If everyone follows the same trail to the same few destinations, net neutrality is meaningless.
Fragmentation. The web is built on open standards and a philosophy of sharing and cooperation. If I put up a public website, anyone can visit without asking my permission; they can use whatever software they please when they read my pages; they can publish links to what I’ve written, which any other web user can then follow. This crosslinked body of literature is now being shattered by the rise of apps. Facebook and Twitter and Google and other large internet properties would really prefer that you visit them not on the open web but via their own proprietary software. And no wonder: They can hold you captive in an environment where you can’t wander away to other sites; they can prevent you from blocking advertising or otherwise fiddling with what they feed you; and they can gather more information about you than they could from a generic web browser. The trouble is, when every website requires its own app, there’s no longer a web, just a sheaf of disconnected threads.
This battle seems to be lost already on mobile platforms.
Suppression. All of the challenges to the future of the web that I have mentioned so far are driven by the mere pursuit of money. Far scarier are forms of manipulation and discrimination based on noneconomic motives.
Governments have ultimate control over virtually all communications media—radio and TV, newspapers, books, movies, the telephone system, the postal service, and certainly the internet. Nations that we like to think of as enlightened have not hesitated to use that power to shape public discourse or to suppress unpopular or inconvenient opinions, particularly in times of stress. With internet technology, surveillance and censorship are far easier and more efficient than they ever were with earlier media. A number of countries (most notoriously China) have taken full advantage of those capabilities. Others could follow their example. Controls might be introduced overtly through legislation or imposed surreptitiously through hacking or by coercing service providers.
Still another avenue of suppression is inciting popular sentiment—burning down websites with tiki torches. I can’t say I’m sorry to see the Nazi site Daily Stormer hounded from the web by public outcry; no one, it seems, will register their domain name or host their content. Historically, however, this kind of intimidation has weighed most heavily on the other end of the political spectrum. It is the labor movement, racial and ethnic and religious minorities, socialists and communists and anarchists, feminists, and the LGBT community who have most often had their speech suppressed. Considering who wields power in Washington just now, a crackdown on “fake news” on the internet is hardly an outlandish possibility.

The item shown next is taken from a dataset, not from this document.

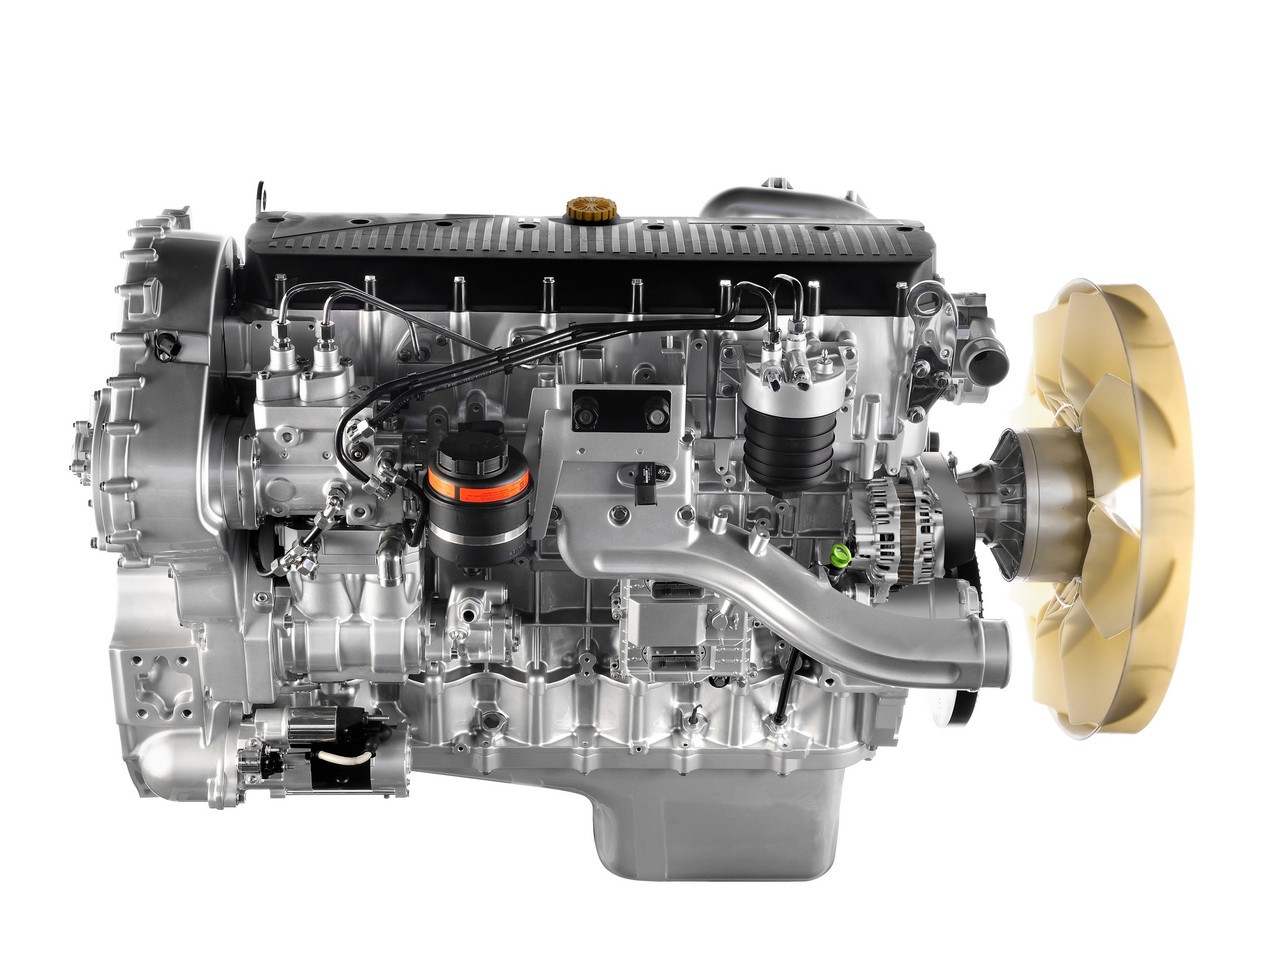 Двигатель Iveco Cursor 9 F3BE0681B, Iveco Cursor 9 F3BE0681C, Iveco NEF - фото 5
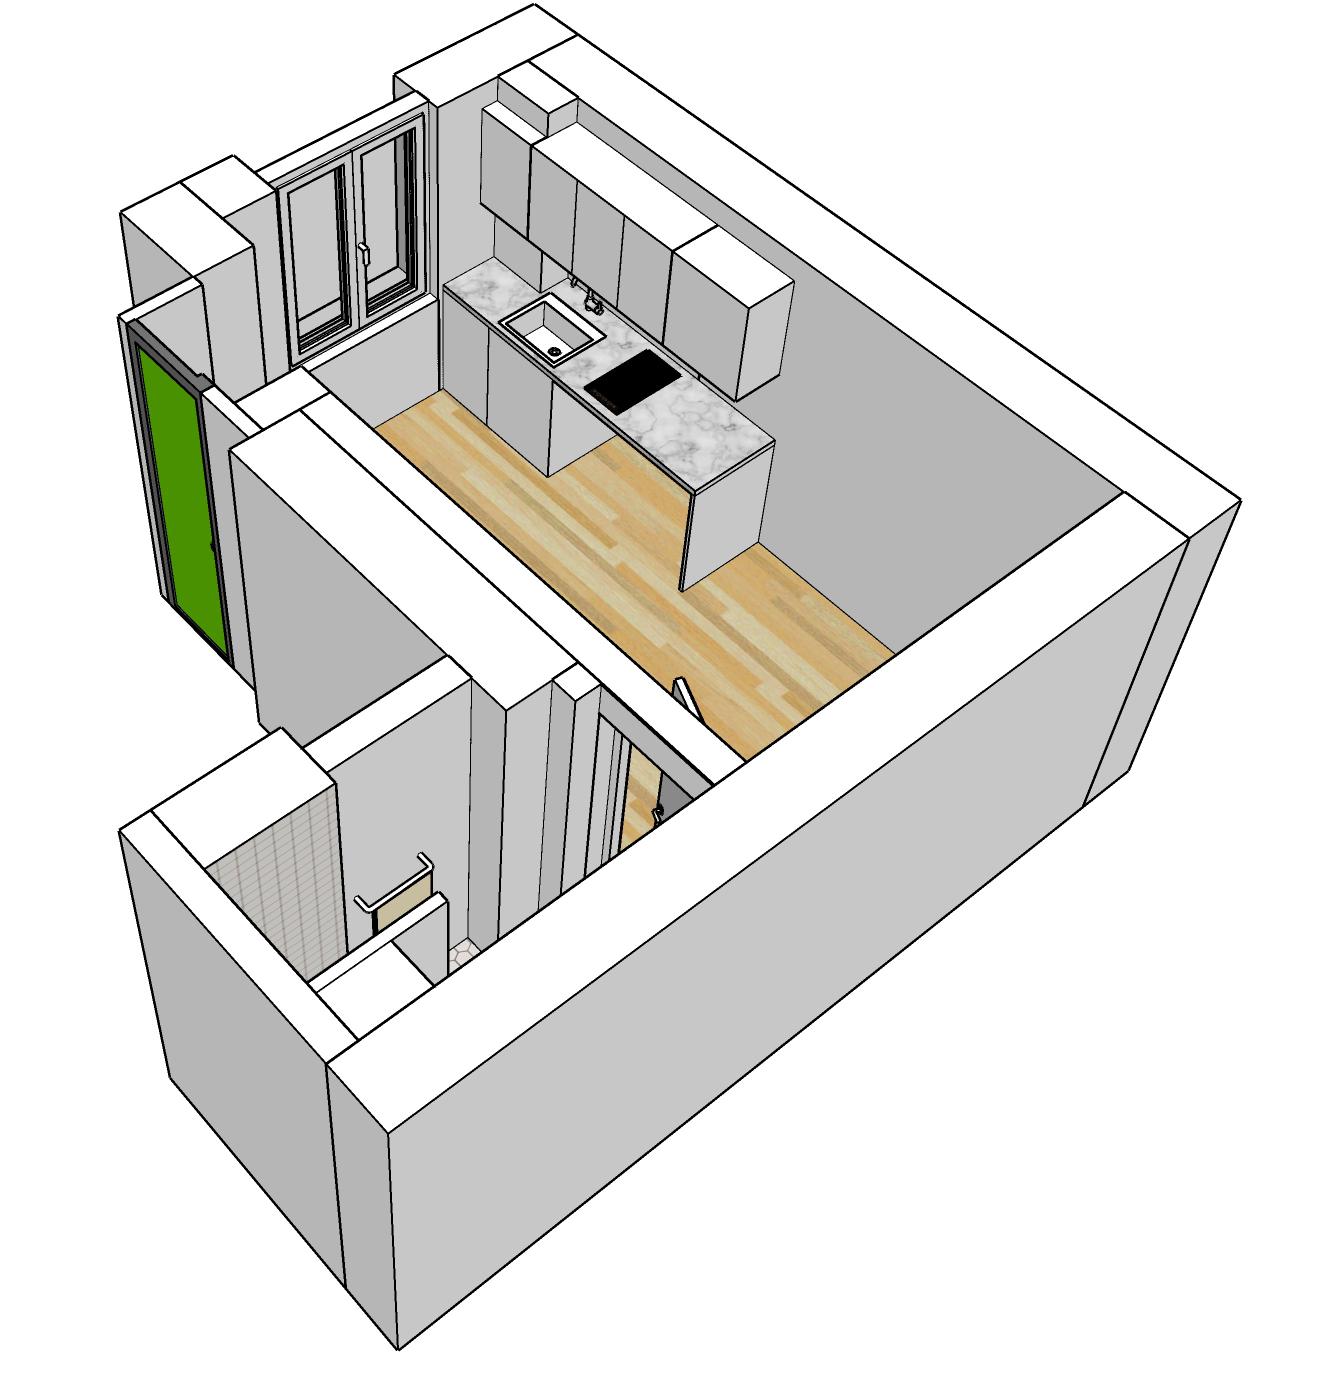 Plan-Axo2.jpg

In spite of all these forebodings, I remain strangely optimistic about the web’s prospects for survival. The internet is a resilient structure, not just in its technological underpinnings but also in its social organization. Over the past 20 years, for many of us, the net has wormed its way into every aspect of daily life. It’s too big to fail now. Even if some basement command center in the White House had a big red switch that shuts down the whole network, no one would dare to throw it.